International passengers arrive at Washington Dulles International Airport in Dulles, Virginia, on June 26, 2017.

Citizens of Chad, Iran, Libya, North Korea, Somalia, Syria, Venezuela and Yemen will face new restrictions in travelling to the United States based on the latest proclamation signed by President Donald Trump.

The new rules, announced on Sunday, will go into effect on October 18.

The range of restrictions imposed on each state is different, for example in the case of Venezuela, only certain government officials and their families are affected.

They range from an indefinite ban on visas for citizens from countries such as Syria to more targeted restrictions. 

The Republican president’s ban has been challenged in courts and censured by human rights activists on multiple occasions.

"Making America Safe is my number one priority. We will not admit those into our country we cannot safely vet," Trump said in a tweet shortly after the proclamation was released.

On Friday, the president received policy recommendations from acting Secretary of Homeland Security Elaine Duke and was briefed by other administration officials, including Attorney General Jeff Sessions and Secretary of State Rex Tillerson, a White House aide told Reuters earlier in the day.

His former ban on travelers from Iran, Libya, Somalia, Syria and Yemen, which was enacted in March, expired on Sunday evening.

It was supposed to target those who lacked a "credible claim of a bona fide relationship with a person or entity in the United States."

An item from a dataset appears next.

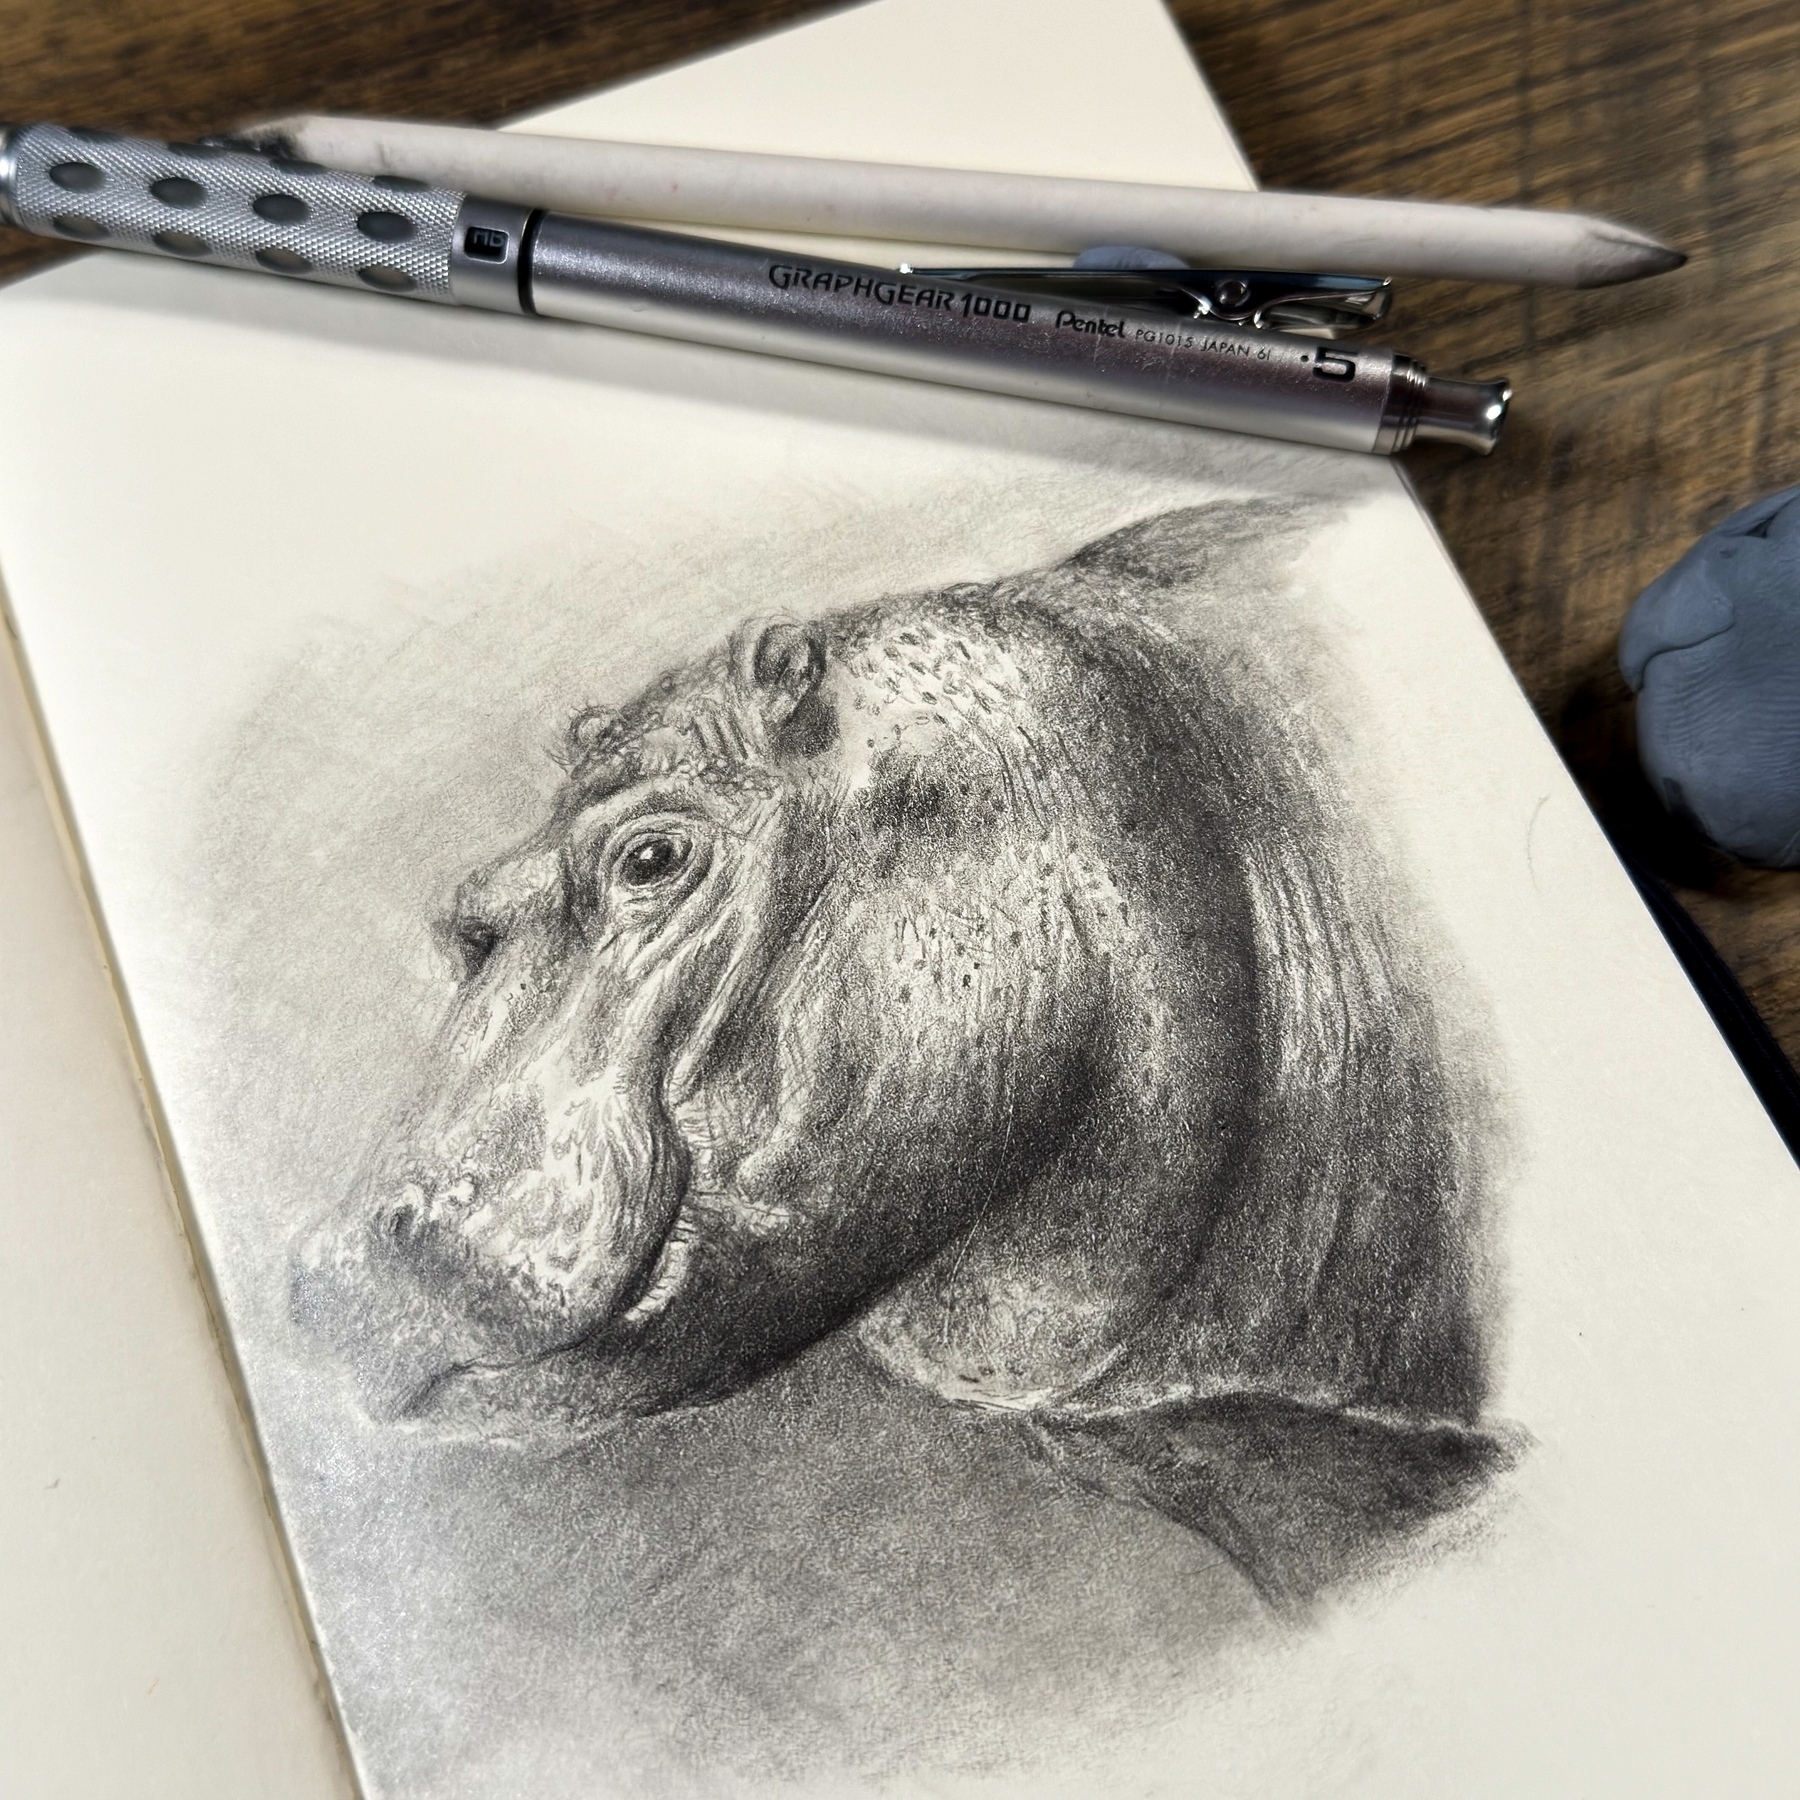 Detailed pencil sketch of a hippopotamus' head on paper, with a mechanical pencils resting above. The artwork captures the texture of the hippo's skin and its calm expression.

'Same Muslim ban with cosmetic adjustments ​​​​​​'

US President Donald Trump speaks to the press at the White House in Washington, DC, on September 24, 2017 upon arrival from his New Jersey golf club. (Photo by AFP)

The new proclamation removes Sudan but adds Venezuela and North Korea, which have been engaged in bitter rows with the Trump administration recently.

"North Korea does not cooperate with the United States government in any respect and fails to satisfy all information-sharing requirements," the proclamation said.

Johnathan Smith, the legal director of the advocacy group Muslim Advocates, dismissed the new move as the "same Muslim ban" and an effort "to undermine our Constitution."

"Let us not be fooled by the administration's attempted tricks and semantics, this is still the same Muslim ban," he told the Associated Press. "The administration is once again making cosmetic adjustments to the Muslim ban in hopes that it will pass the barest possible definition of anything else; but they've failed again."

People from the six Muslim majority countries were banned from entering into the US for 90 days in the expiring ban.

Revised a few times, the ban originally followed 2016 campaign pledge by Trump for a “complete” shutdown of Muslims entering the US on the pretext of the so-called war on terror.